This code will save all of the data for the query into 1 parquet file and overwrite any existing & matching parquet filename.<br>
This is due to: `callback_params["existing_data_behavior"] = "overwrite_or_ignore"`.<br>
**This allows the cell to be executed multiple times, unlike in 2.3.1.**


"existing_data_behavior" can be set to:
> * `error` (default value) raises an error if **any** data exists in the destination.

> * `overwrite_or_ignore` will ignore any existing data and will overwrite files with the same name as an output file. Other existing files will be ignored. This behavior, in combination with a unique basename_template for each write, will allow for an append workflow                                                                                                                                                             
                                                                                                                                                                > * `delete_matching` is useful when you are writing a partitioned dataset. The first time each partition directory is encountered the entire directory will be deleted. This allows you to overwrite old partitions completely.

In [None]:
with open_pyexasol_connection(ai_lab_config, compression=True) as conn:
    conn.export_to_parquet(dst=highest_delay_parquet_directory, query_or_table=highest_delay_per_flight_query,
                          callback_params={"existing_data_behavior": "overwrite_or_ignore"})

#### 2.3.3 Save Multiple Files with callback_params["max_rows_per_file"]=5

This code will save all of the data for the query into 3 parquet files and overwrite any existing & matching parquet filename.<br>
The saving into multiple files comes from: `callback["max_rows_per_file"]=5` and `callback["max_rows_per_group"]=5` <br>
This overwriting behavior is due to: `callback_params["existing_data_behavior"] = "overwrite_or_ignore"`. 

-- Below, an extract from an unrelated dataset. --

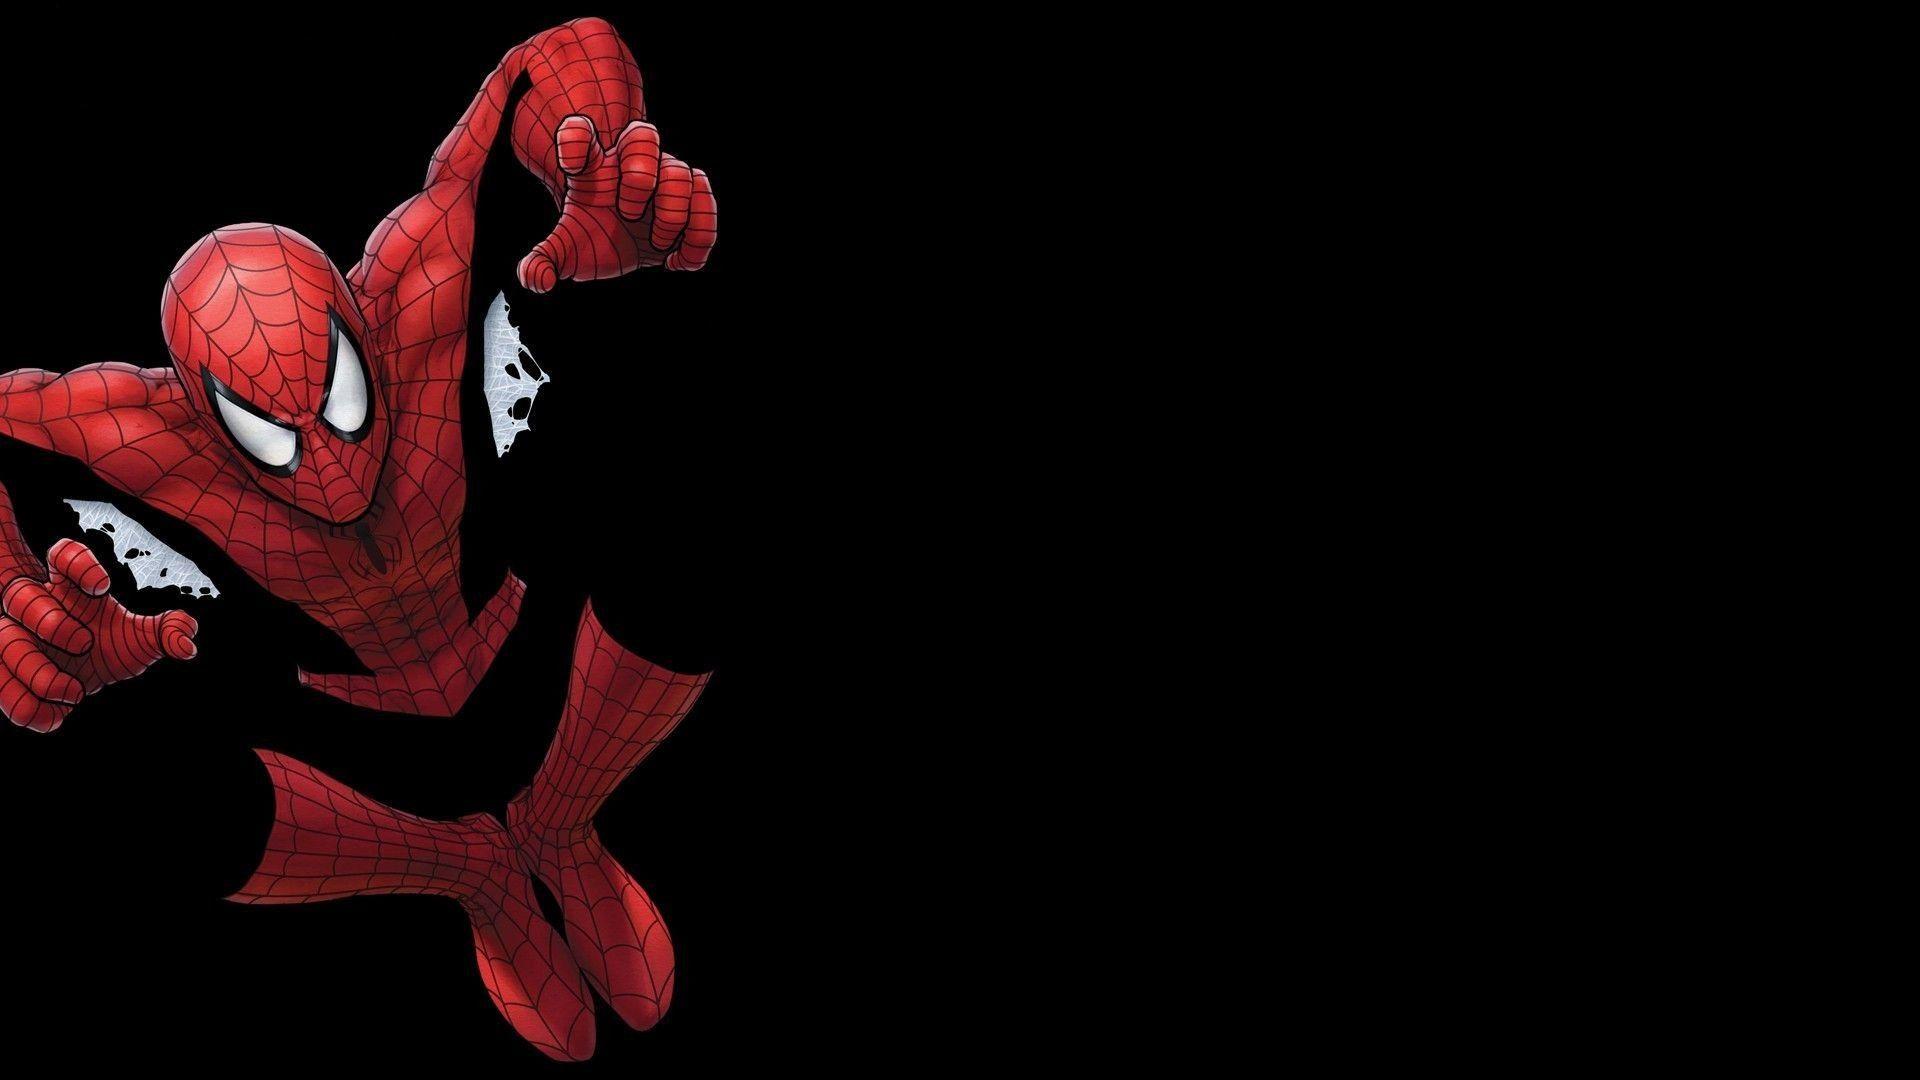 Comics: Spider Man Marvel Free Wallpaper 1920x1080 For HD 16:9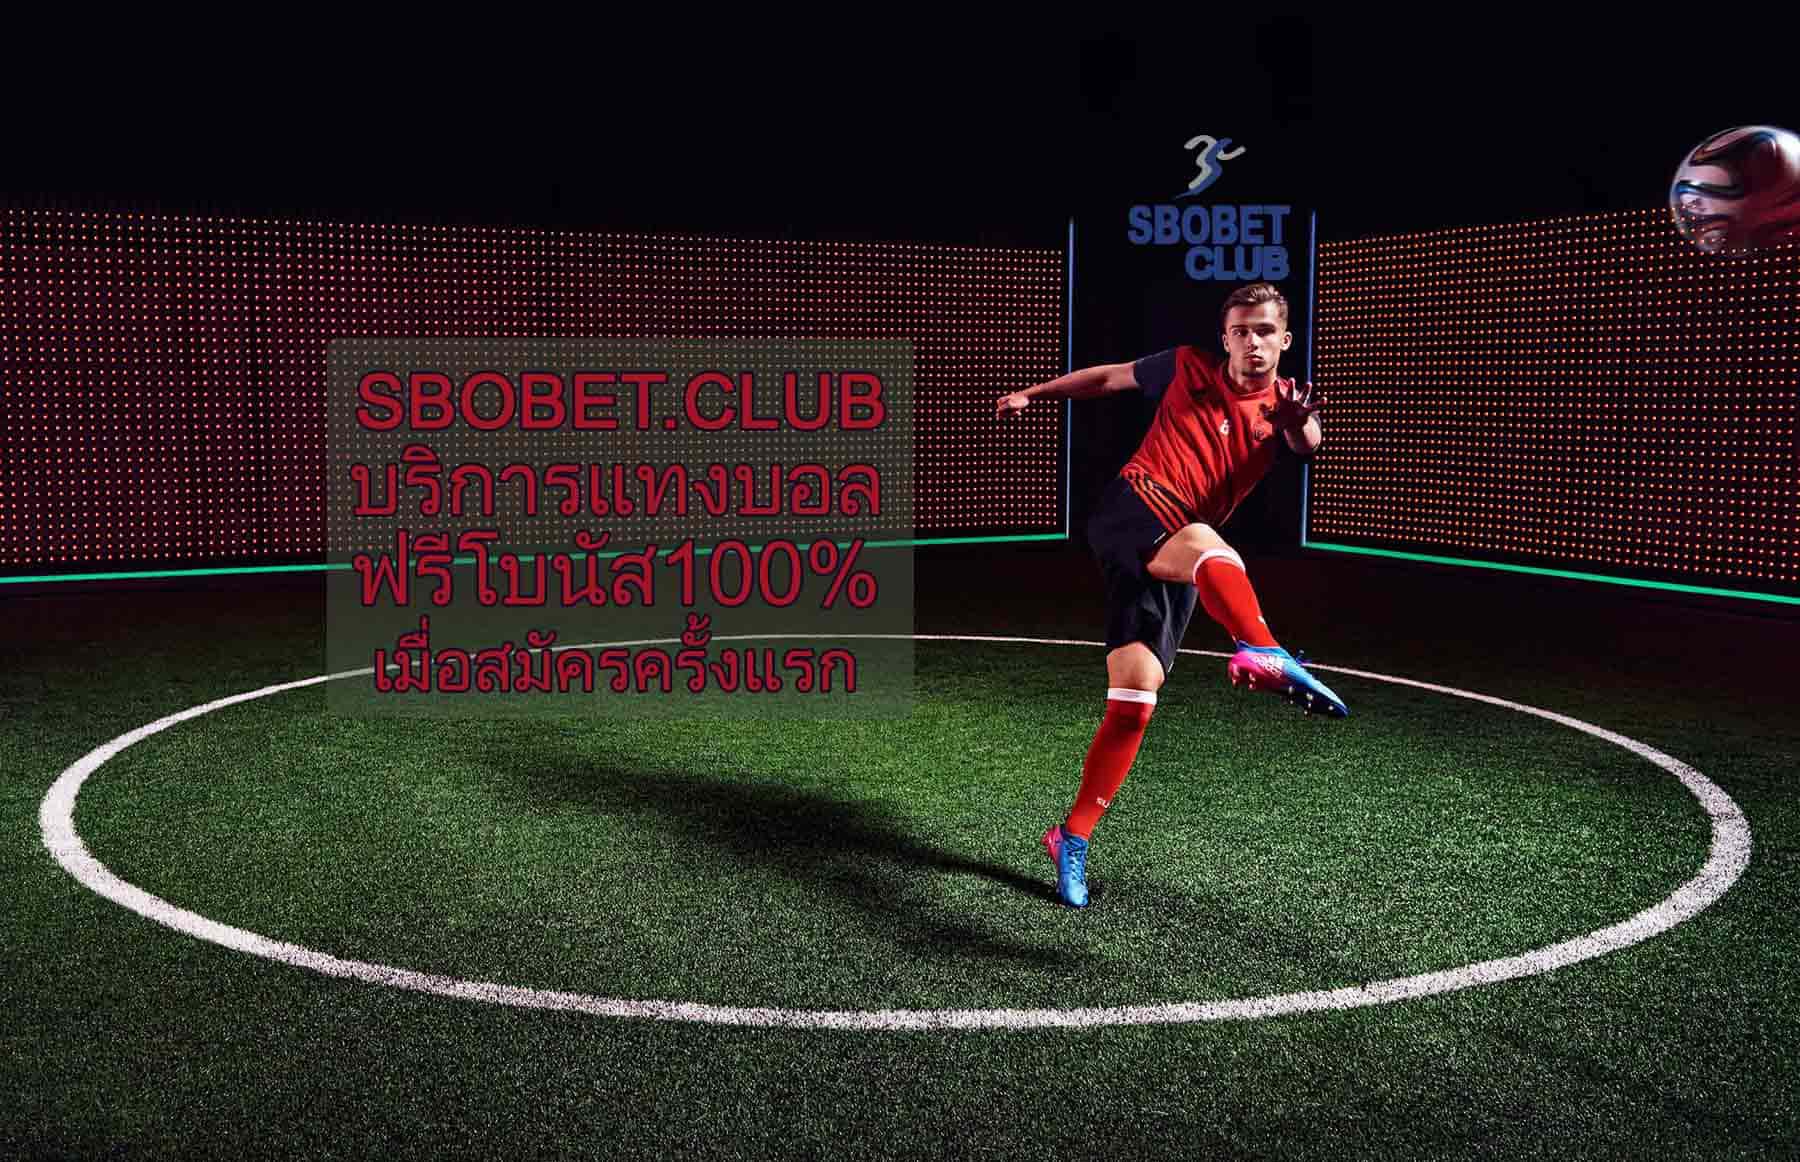 sbobet club player football

**Note:** If ``max_rows_per_file`` is altered, ensure that ``max_rows_per_group`` is set to a value less than or equal to the value of ``max_rows_per_file``.

In [None]:
with open_pyexasol_connection(ai_lab_config, compression=True) as conn:
    conn.export_to_parquet(dst=highest_delay_parquet_directory, query_or_table=highest_delay_per_flight_query,
                          callback_params={"existing_data_behavior": "overwrite_or_ignore",
                                           "max_rows_per_file":5,
                                           "max_rows_per_group":5
                                          })